Des formations à financer
Qu’elles soient certifiantes, diplômantes ou non, les formations dispensées par les éditeurs de logiciel ne sont pas gratuites. Pour répondre à tous les cas de figure, leur prise en charge peut s’effectuer tout ou partie via :
Les actions nationales ou les programmes spécifiques des OPCO,
Le plan de développement des compétences,
Le compte formation (CPF).
Alexandre Chefdeville – Chefdeville Métallerie à Honfleur (14)
De formation mécanicien en sport automobile, Alexandre Chefdeville a intégré il y a treize ans l’entreprise familiale Chefdeville Métallerie. Autodidacte, c’est sous son impulsion que le virage de la CAO/DAO 3D a été pris. Une modernisation qu’il juge aujourd’hui indispensable.
Laetitia Fermen – Nouvelle Métallerie de Kerpont à Lanester (56)
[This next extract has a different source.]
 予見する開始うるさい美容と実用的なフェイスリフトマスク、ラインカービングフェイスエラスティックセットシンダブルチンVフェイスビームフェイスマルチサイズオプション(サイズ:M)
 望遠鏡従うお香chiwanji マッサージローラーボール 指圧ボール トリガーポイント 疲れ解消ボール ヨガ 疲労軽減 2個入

Issue d’une formation en génie mécanique, Laetita Fermen est dirigeante de « La Nouvelle Métallerie de Kerpont » suite à une reprise il y a quatre ans. Elle a été notamment dessinatrice Tekla. Équiper sa société de logiciels 3D pour développer son activité était pour elle une évidence.
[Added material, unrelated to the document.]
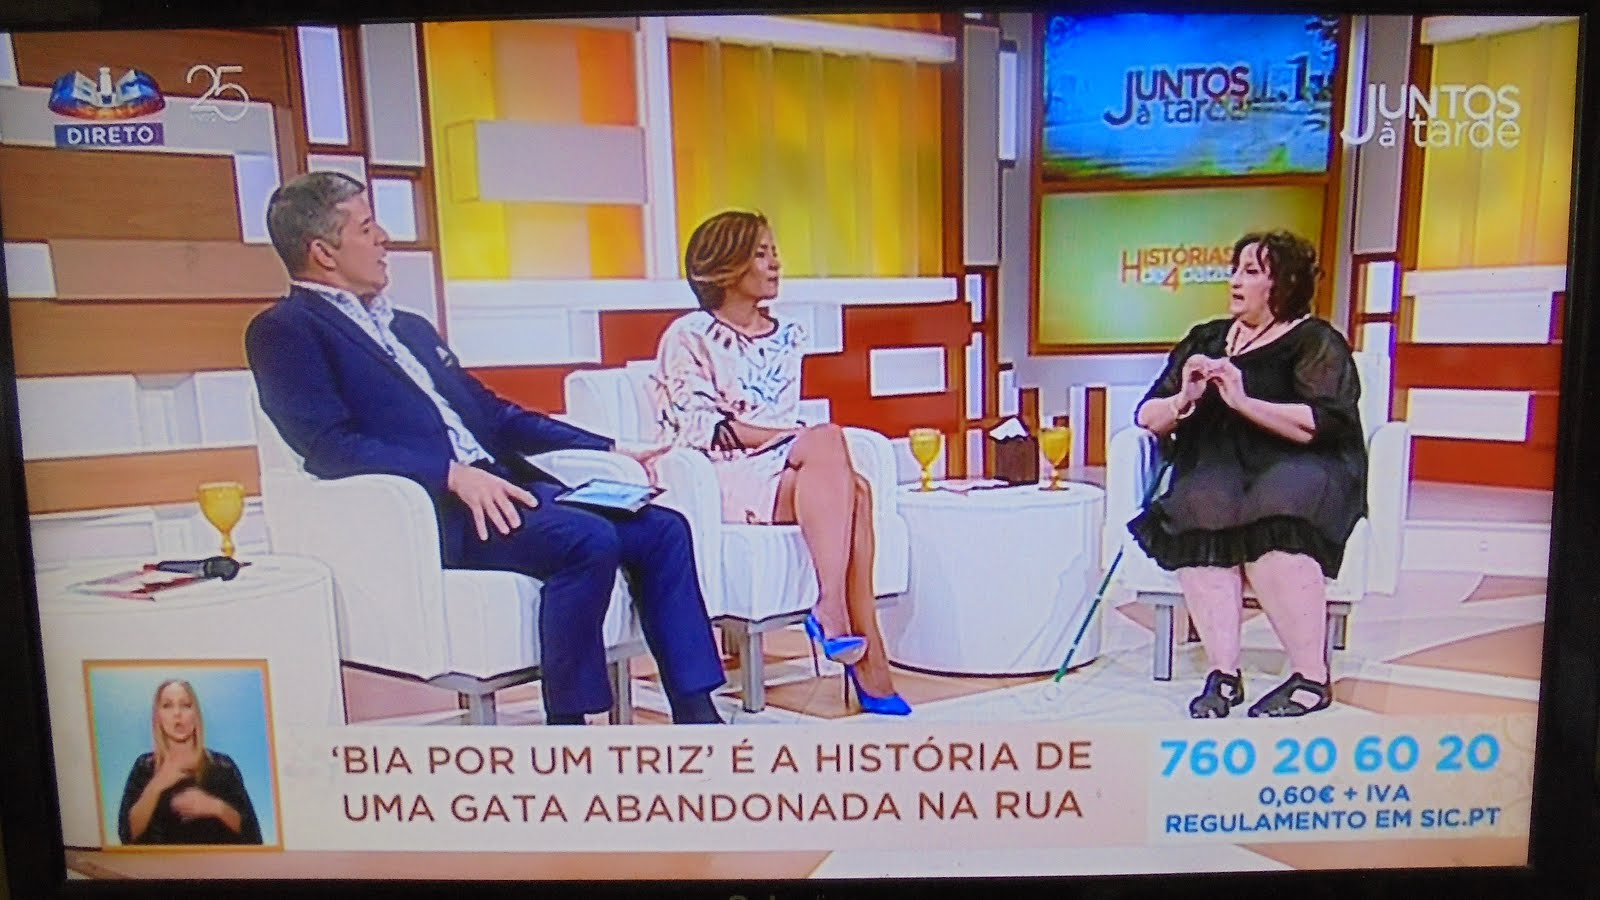 """O livro """"Bia por um triz"""" na SIC no programa """"Juntos à tarde""""."""

Louis Richard – CMR à La Chapelle Heulin (44)
P.-D.G. de l’entreprise familiale depuis 1987, Louis Richard a structuré l’entreprise pour se consacrer à la gestion de projets notamment pour le secteur naval. Pour mener à bien ces derniers, il a opté pour SolidWorks, logiciel généraliste bien connu des ingénieurs issus de la filière mécanique.
Marion Girard – Média Softs à Vigneux-de-Bretagne (44)
Commerciale de formation, Marion Girard a intégré l’équipe de MédiaSofts il y a onze ans. Depuis près de trente ans, cet éditeur de logiciels, partenaire de l’Union des métalliers, basé à Nantes, développe, via les outils de Métalusoft des solutions dédiées aux entreprises de métallerie.
Julien Poirot – TopSolid à Évry (91)
Après une expérience en conception de machines spéciales, Julien Poirot devient responsable produit adjoint chez ce partenaire de l’Union des métalliers. TopSolid’Steel, est un logiciel généraliste qui intègre des fonctionnalités spécifiques au monde de la métallerie.
Jean-Yves Vétil – Tekla à Terssac (81)
Jean-Yves Vétil, directeur commercial de ce partenaire de l’Union des métalliers a administré une association de promotion du BIM. Tekla est un logiciel de modélisation 3D et d’exécution pour les structures et ouvrages métalliques. Il est associé à la plateforme collaborative Trimble connect.